[Nrg-l] PhD Proposal: Anukool Lakhina, Friday 9/16 10am MCS 135

Mark Crovella crovella at cs.bu.edu
Wed Sep 14 13:15:27 EDT 2005


Network-Wide Traffic Analysis: Methods and Applications 
Anukool Lakhina 
Ph.D Proposal Defense
Friday 9/16, 10am
MCS 135

Much of the work in network traffic analysis so far has focussed on
studying traffic volume (# bytes, # packets) on a single link in
isolation.  However, a wide range of problems faced by network operators
require analyzing multi-feature traffic (volume and packet
headers) and on multiple links simultaneously.  Examples of such
problems include traffic engineering, traffic matrix estimation, anomaly
detection, attack detection, and capacity planning.

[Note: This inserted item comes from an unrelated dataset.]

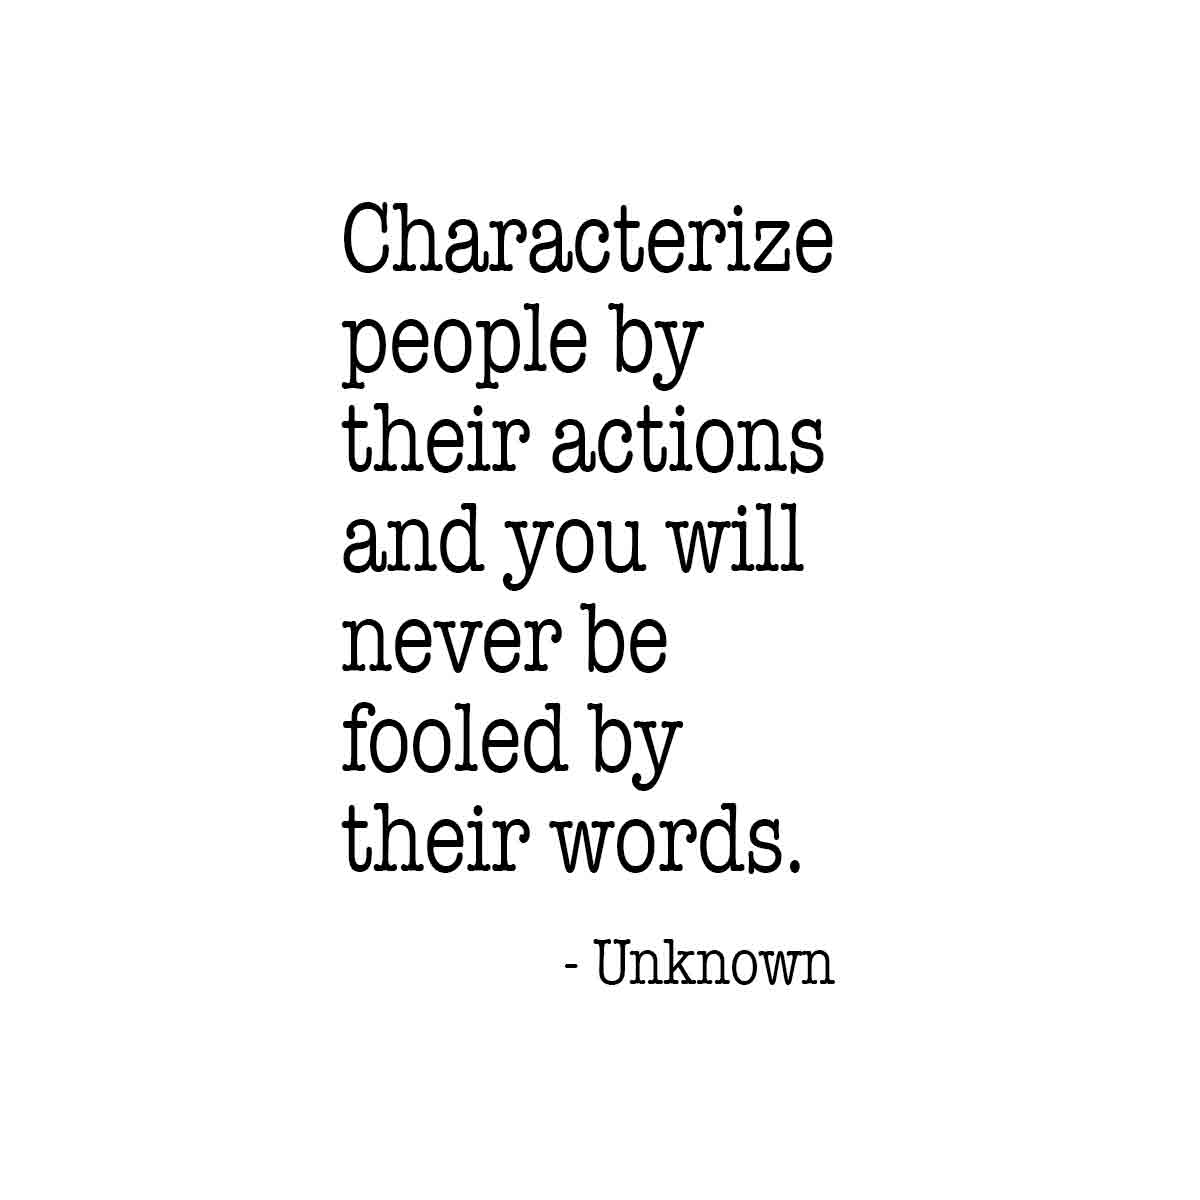 Characterize people

Unfortunately, network-wide traffic analysis -- studying the traffic on
all links simultaneously -- is difficult, exemplified by the fact that
modeling traffic on a single link is itself a complex task, and an
active area of research.  Even a moderate-sized network may carry
hundreds of traffic flows; the resulting set of traffic timeseries has
hundreds of dimensions.  Thus the central problem one confronts in
network-wide traffic analysis is the so-called "curse of
dimensionality."

A general strategy when confronted with such a high dimensional
structure is to seek accurate low-dimensional approximations that
preserve its important properties.  Following this strategy, I will show
that despite their apparent high dimensionality, the ensemble of traffic
flows in fact can be described accurately with a handful of dimensions.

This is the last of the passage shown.